1. A microelectromechanical apparatus comprising one or more microelectromechanical devices each having a mirror element, an actuator for moving the respective mirror element, and a heating element for heating the respective mirror element, wherein the microelectromechanical apparatus comprises one or more temperature sensors and an electronic system, wherein the electronic system is configured to determine a temperature value of the respective mirror element using the one or more temperature sensors for each mirror element, and the electronic system is furthermore configured to adjust a heating power for each of the heating elements.

2. The microelectromechanical apparatus according to claim 1, wherein each of the one or more microelectromechanical devices has at least one of the one or more temperature sensors.

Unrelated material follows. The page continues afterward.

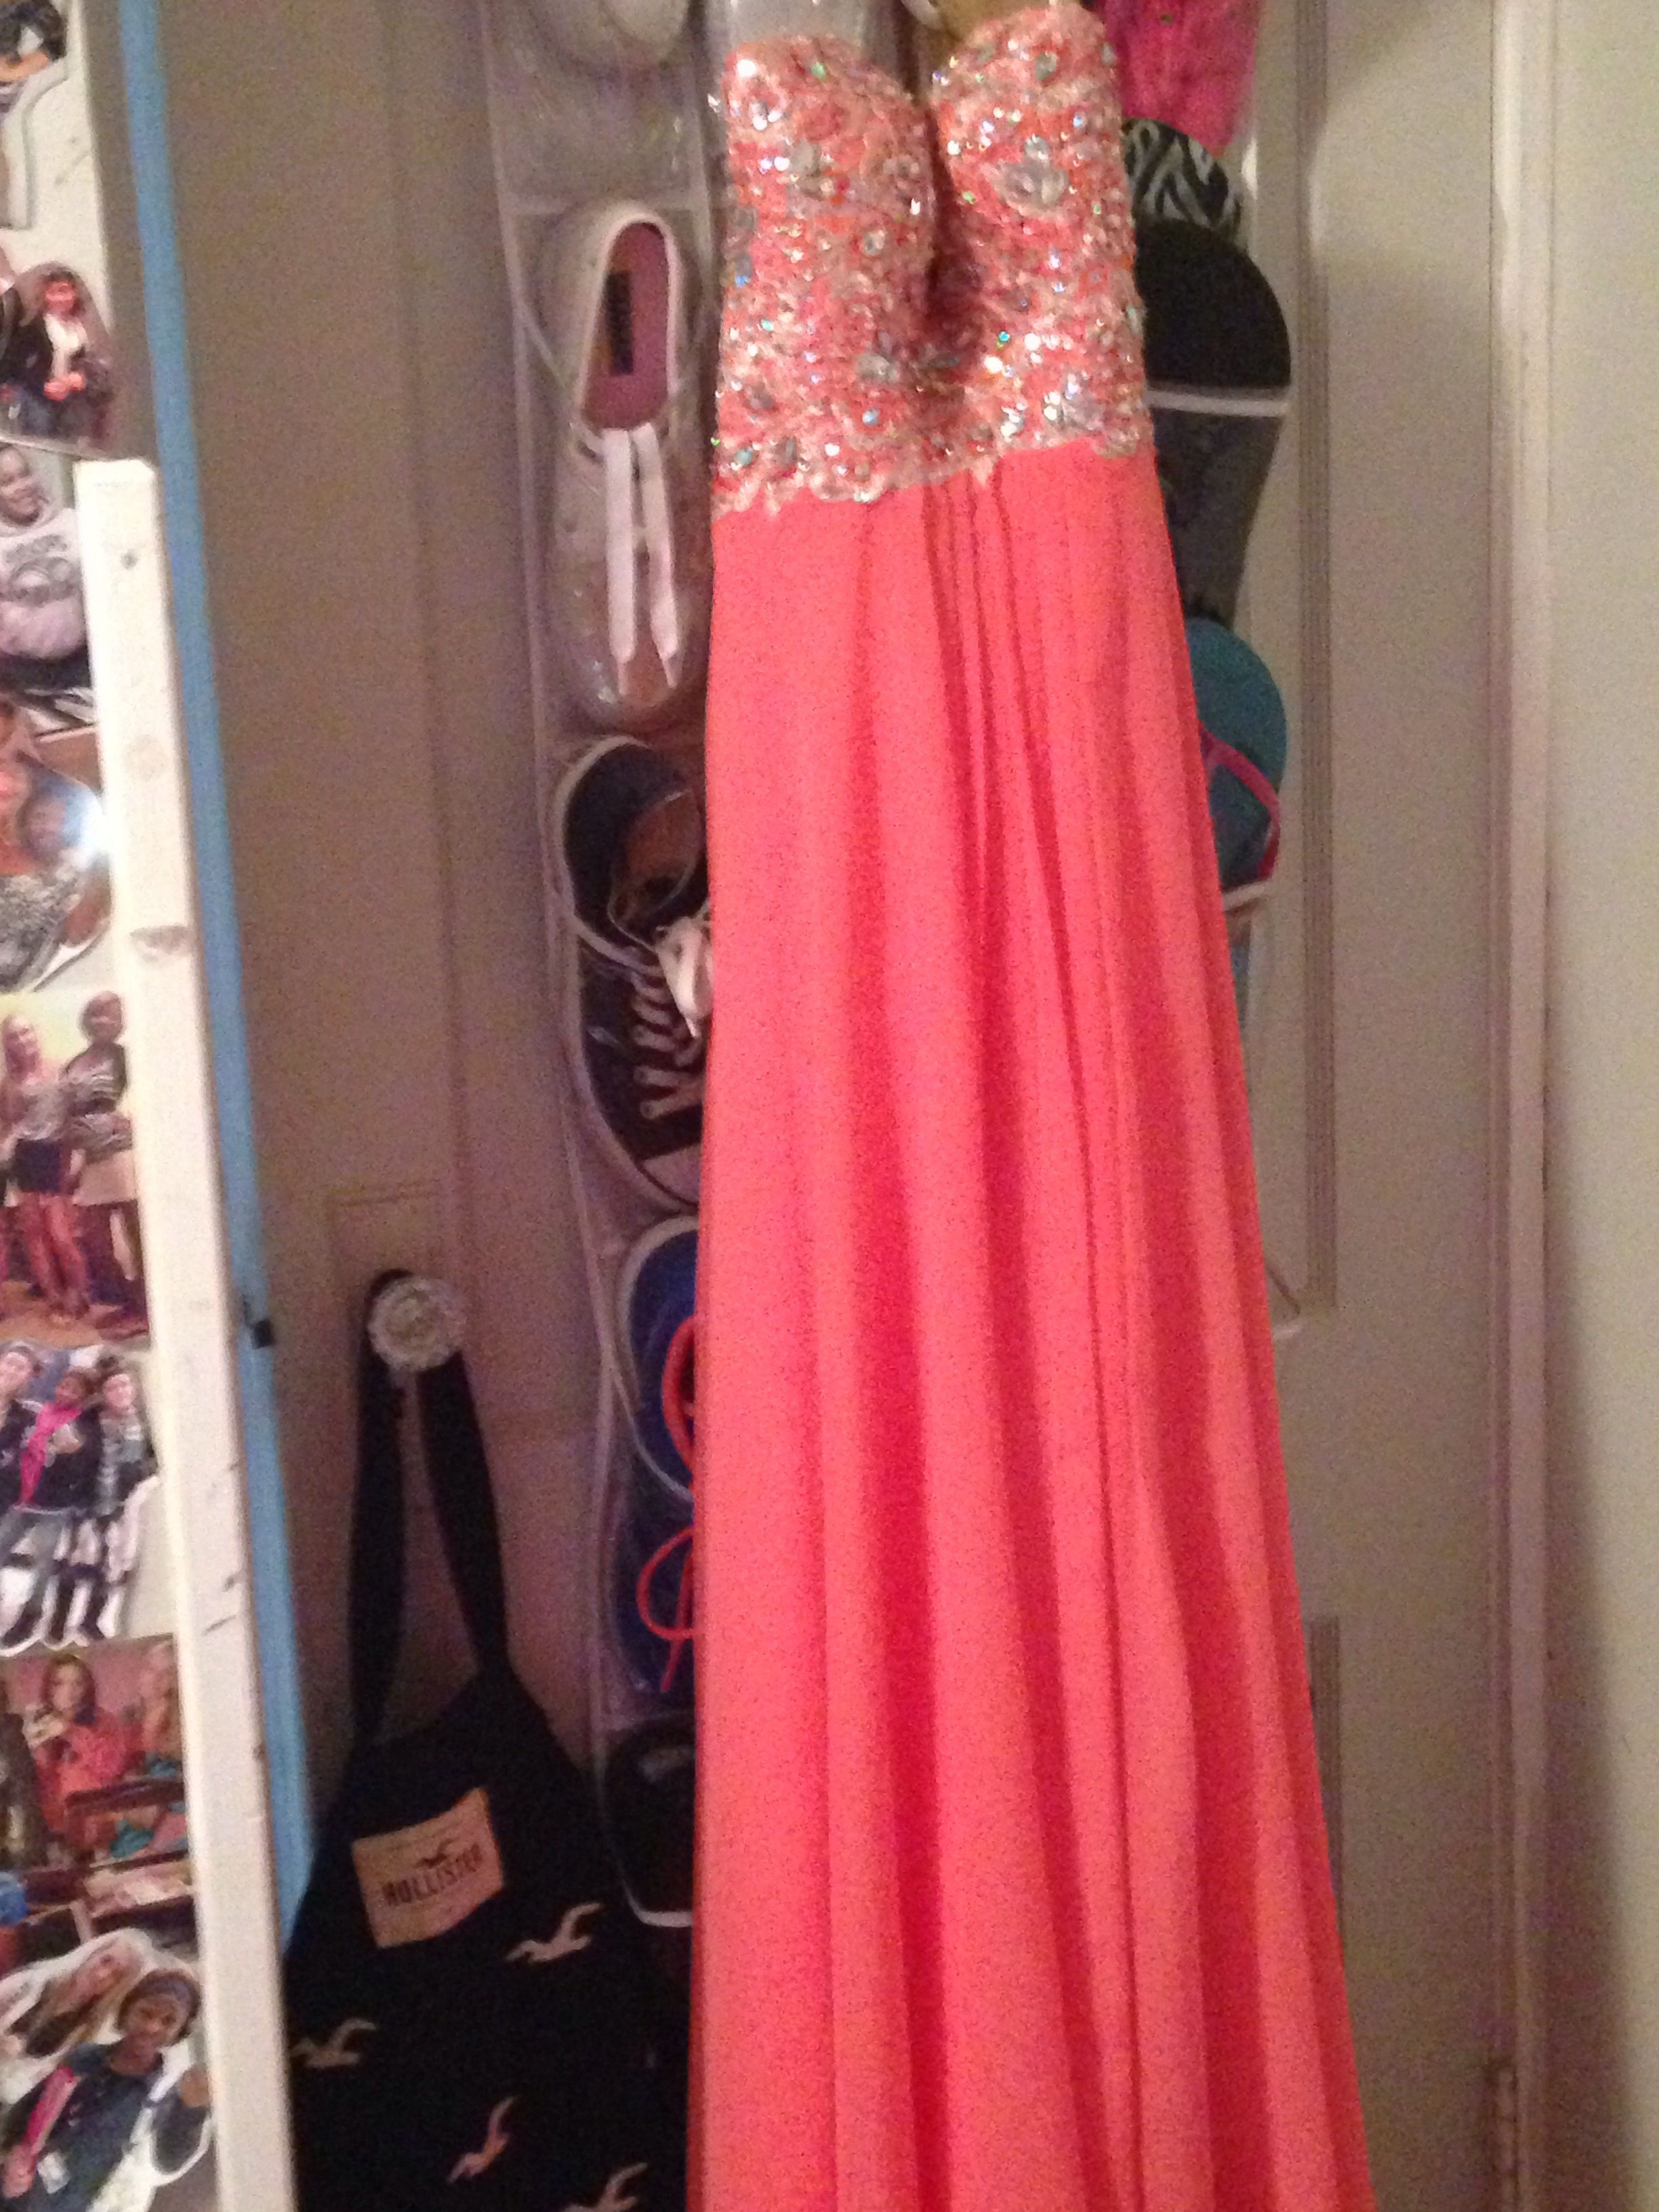 Prom Dress In Ceilg77 S Garage Sale South Bend In Garage Sale

3. The microelectromechanical apparatus according to claim 2, wherein for each of the one or more microelectromechanical devices a. the at least one temperature sensor is arranged between the respective actuator and the respective heating element; or b. the respective heating element comprises or is identical to the at least one temperature sensor.

4. The microelectromechanical apparatus according to claim 1, wherein for each of the one or more microelectromechanical devices the at least one temperature sensor and/or the heating element is an electrical resistor.

5. The microelectromechanical apparatus according to claim 1, wherein for each of the one or more microelectromechanical devices the heating element is a. arranged between the respective mirror element and the respective actuator; or b. is part of the respective mirror element.

6. The microelectromechanical apparatus according to claim 1, wherein each of the one or more mirror elements comprises a Bragg mirror.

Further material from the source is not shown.